霊道
投稿者:きのこ (15)
明晰夢とは、寝ていて夢を見ている時、自分で夢だと理解している状態で見ている夢のことだ。私が明晰夢を見る時は8割方イヤな夢で、目覚めると大体、現実とリンクしていた。
夢の中で、着物を着たお婆さんに追いかけられて、足首を掴まれて引っ張られ、何とか目覚めた時には、足首に赤い手形があり、まだ足元には何かがいた。
鬼のような形をしたものに首を絞められて、起きる為に自分の手を噛んだら、手には咬み傷が。首は赤くなって、引っ掻いたような跡があった。
嫌な夢から起きられる。と分かった時は良い事だと思ったが、夢から目覚めることが出来なかったら、どうなるのだろう? と考えると怖くなった。
明晰夢の中でも1番多いのは、やはり寝転がった自分の周りをたくさんの人が歩いている夢だ。夢を見る度に、自分で夢だと分かるので起きていたが、目を覚ますとやっぱりうっすらとした人達が、自分の周りを歩いていた。
誰だって、そんな場所で寝たくない。
何度もその夢を見る内に耐えられなくなった私は、母に相談した。
「夜寝ている時に、周りを知らない人達が歩いていく」
理由は分からなくても、寝る場所を変えて欲しかったのだ。
すると母が、
「あそこは霊道だから」と、事もなげに言った。
「えっ……?」
『霊道』という、普段聞きなれない怖そうな言葉が出てきて、私は固まってしまった。
「霊道って、何?」恐る恐る訊くと、
「だから、死んだ人達が歩く道があるからよ。
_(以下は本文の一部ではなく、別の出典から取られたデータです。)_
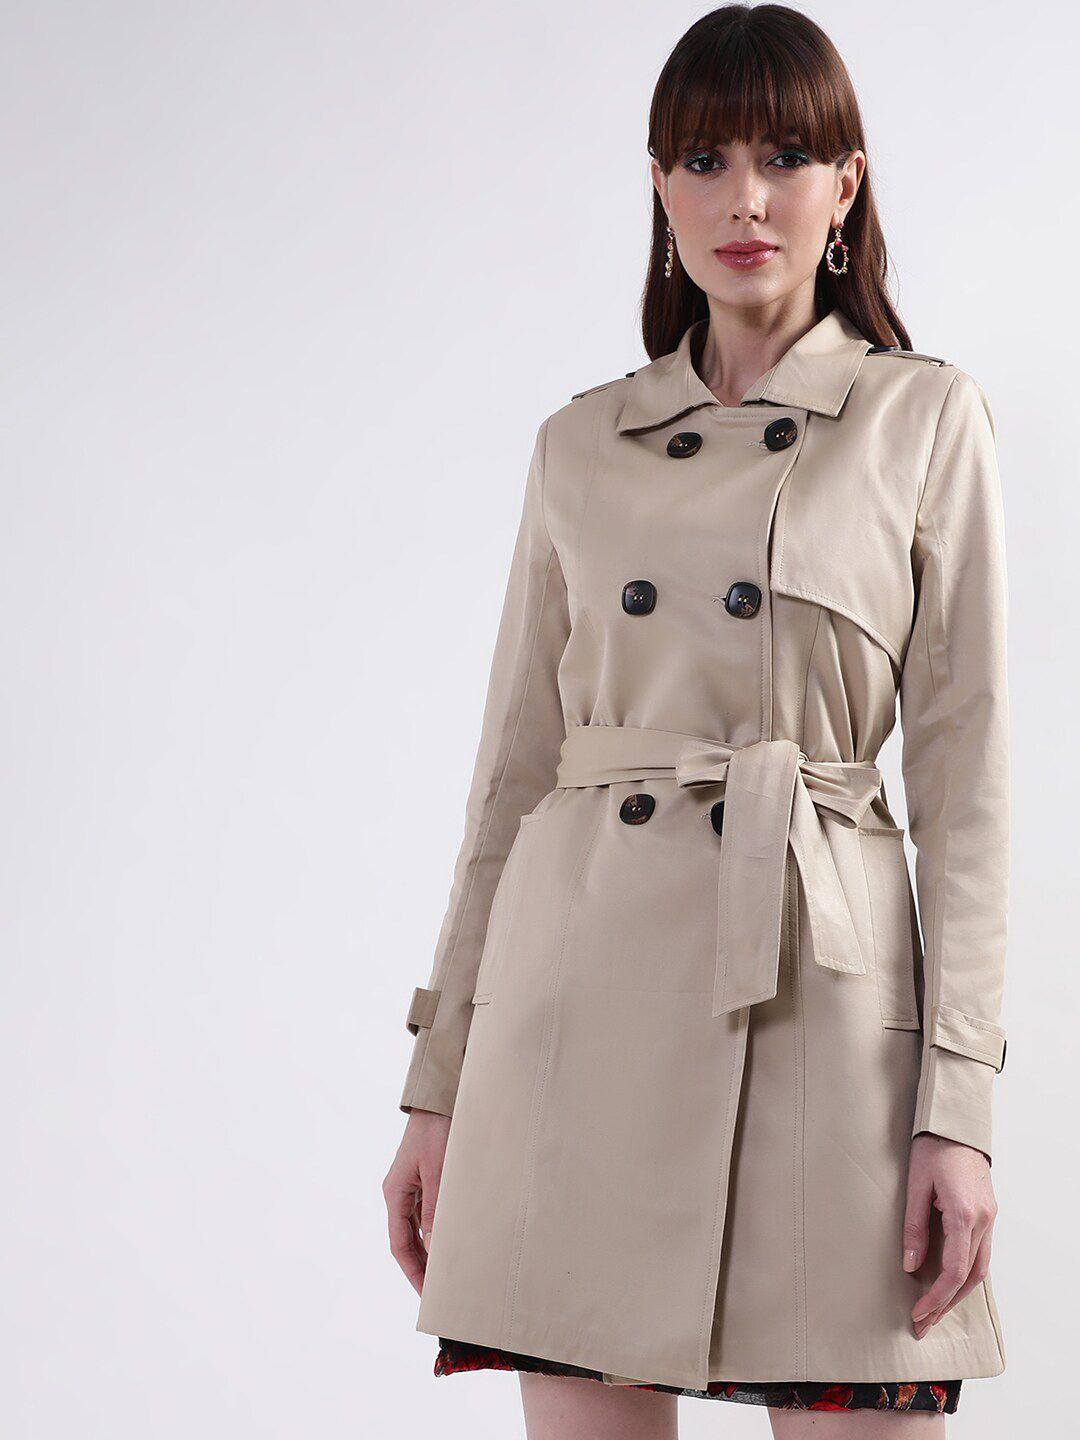 centrestage women double-breasted longline trench coats

みんな、あんたが寝ている場所を通って、押し入れを抜けていく」
母は遠くを見ながら言った。
母はとてもヒステリックな人で、私が幼い頃の母の記憶は、怒鳴っているか、手を振り上げているかのどちらかだ。そんな母が、どこを見ているか分からないような目で、淡々と話す顔に恐怖を感じる。
母は、私の知らない何かを知っているようだったが、それ以上は教えてくれなかった。
ただ呆然と立ち尽くす私を、横目でチラリと見て、
「この話は、誰にも言ってはいけないの」
とだけ言った。
そして、なぜ霊道があると分かっていながら、そんな場所に寝かされていたのかは、今でも理解できない。